ORDER BY native_name";
$values = array($langCode, $charset);
$types = "ss";
/* pass those variables to the execute() function defined below */
if ($rows = execute($sql, $values, $types))
{
return $rows[0];
}
function execute($sql, $values='', $types='')
{
/* prepare the sql before binding values and types */
$stmt = $db->prepare($sql);
/*combine the values and types into $inputArray */
$inputArray[] = &$types;
$j = count($values);
for($i=0;$i<$j;$i++){
$inputArray[] = &$values[$i];
}
/* add the combined values and types to call_user_func_array() for binding */
call_user_func_array(array($stmt, 'bind_param'), $inputArray);
$result = $stmt->execute();
return $result;
}
Here's a reference to the full description this example is based on:
http://big.info/2015/08/php-use-call_user_func_array-for-variable-number-of-parameters-arrays-in-prepared-statements.html
Why would you want to call call_user_func_array(array($statement, 'bind_param'), $bind_arguments)? Because $bind_arguments is an array.
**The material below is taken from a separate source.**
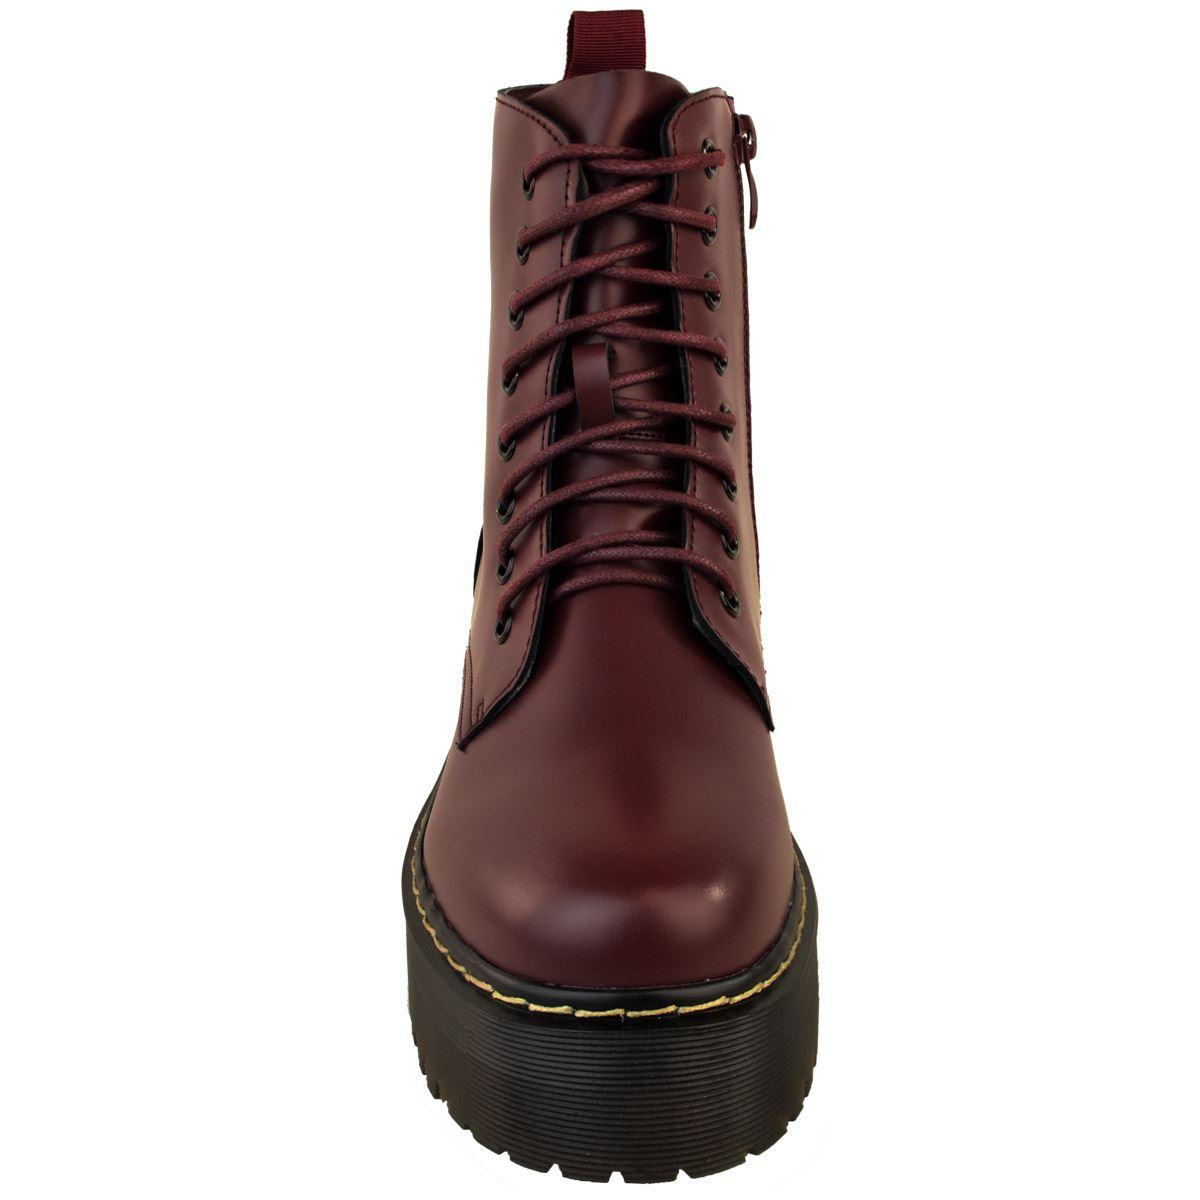 Womens-Ladies-Chunky-Lace-Up-Ankle-Boots-Platform-Icon-Retro-Goth-Punk-Black miniatuur 16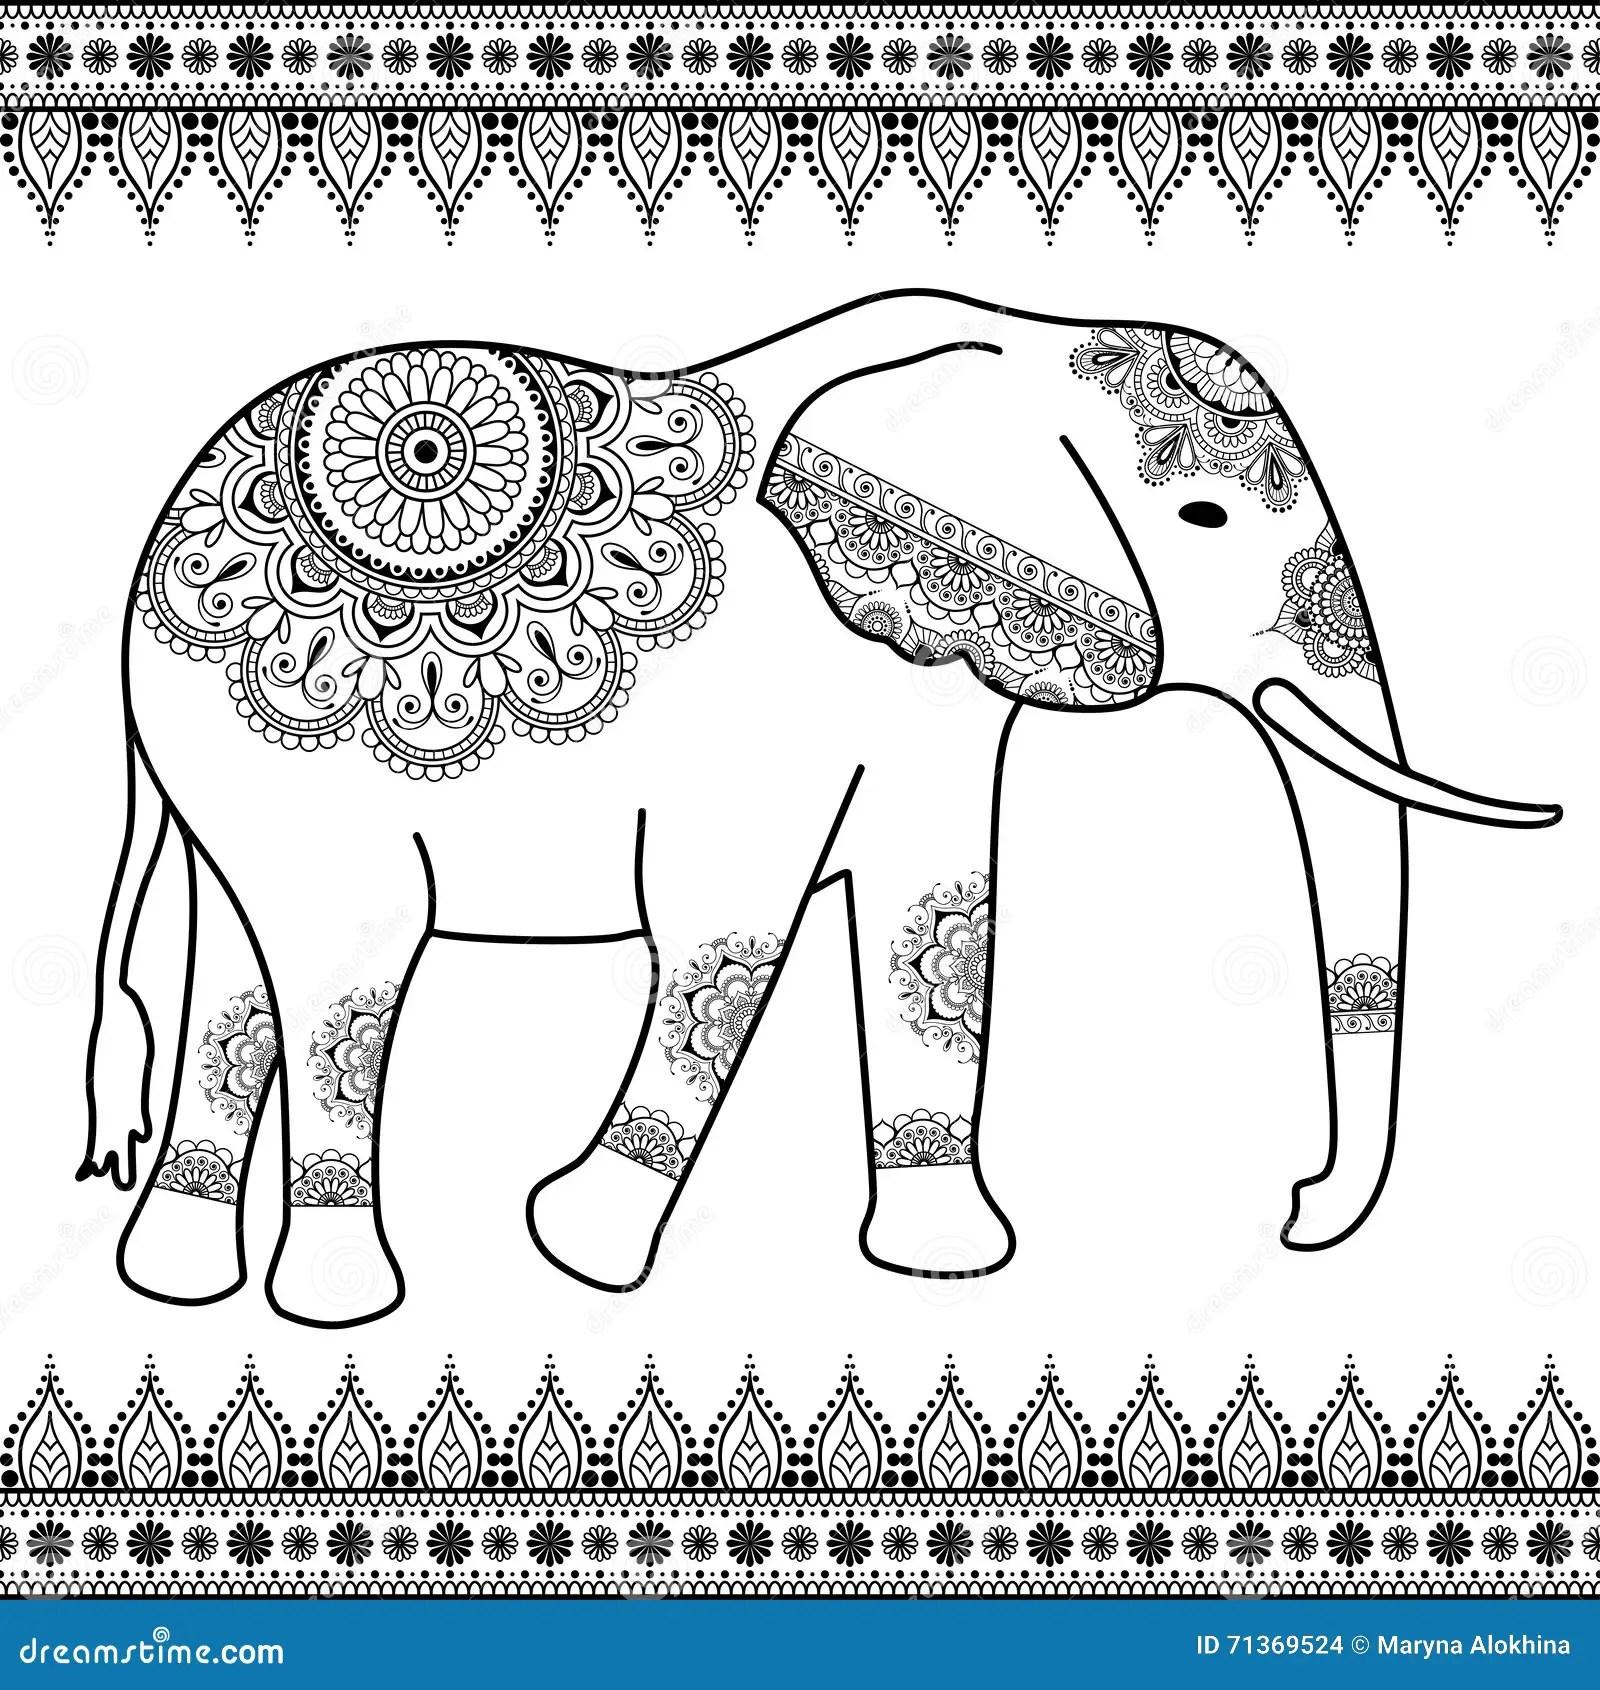 Elephant With Border Elements In Ethnic Mehndi Indian

You get to have one function that binds a statement to its queried parameters, no matter how many parameters you'd have otherwise.
Example of good code...
<?php
# link
$dblink = new mysqli('HOSTNAME','USERNAME','PASSWORD','DATABASENAME');
# example data
$statement = $dblink->prepare("SELECT * from Person WHERE FirstName = ? AND MiddleName = ? AND LastName = ? and Age = ?");
$recordvalues = ['John', 'H.', 'Smith', 25];
$sqlbindstring = "sssi"; # String, String, String, Integer example
# make the references
$bind_arguments = [];
$bind_arguments[] = $sqlbindstring;
foreach ($recordvalues as $recordkey => $recordvalue)
{
$bind_arguments[] = & $recordvalues[$recordkey]; # bind to array ref, not to the temporary $recordvalue
}
# query the db
call_user_func_array(array($statement, 'bind_param'), $bind_arguments); # bind arguments
$statement->execute(); # run statement
$result = $statement->get_result(); # get results
# get the results
if($result) {
while ($row = $result->fetch_assoc()) {
print("\n\nMy row is...");
print_r($row);
}
}
?>
Example of bad code...
<?php
# Same setup as above..
$statement->prepare("SELECT * from Person WHERE FirstName = ? AND MiddleName = ? AND LastName = ? and Age = ?");
$statement->bind('John', 'H.", 'Smith', 25);
?>
In the first example: You can pass as much or as little to the binding to be done, so that bind() might be called in only one line in your entire application. This scales well.
In the second example: You must write one bind() statement for every possible group of insertions for every possible record in your database. This scales poorly.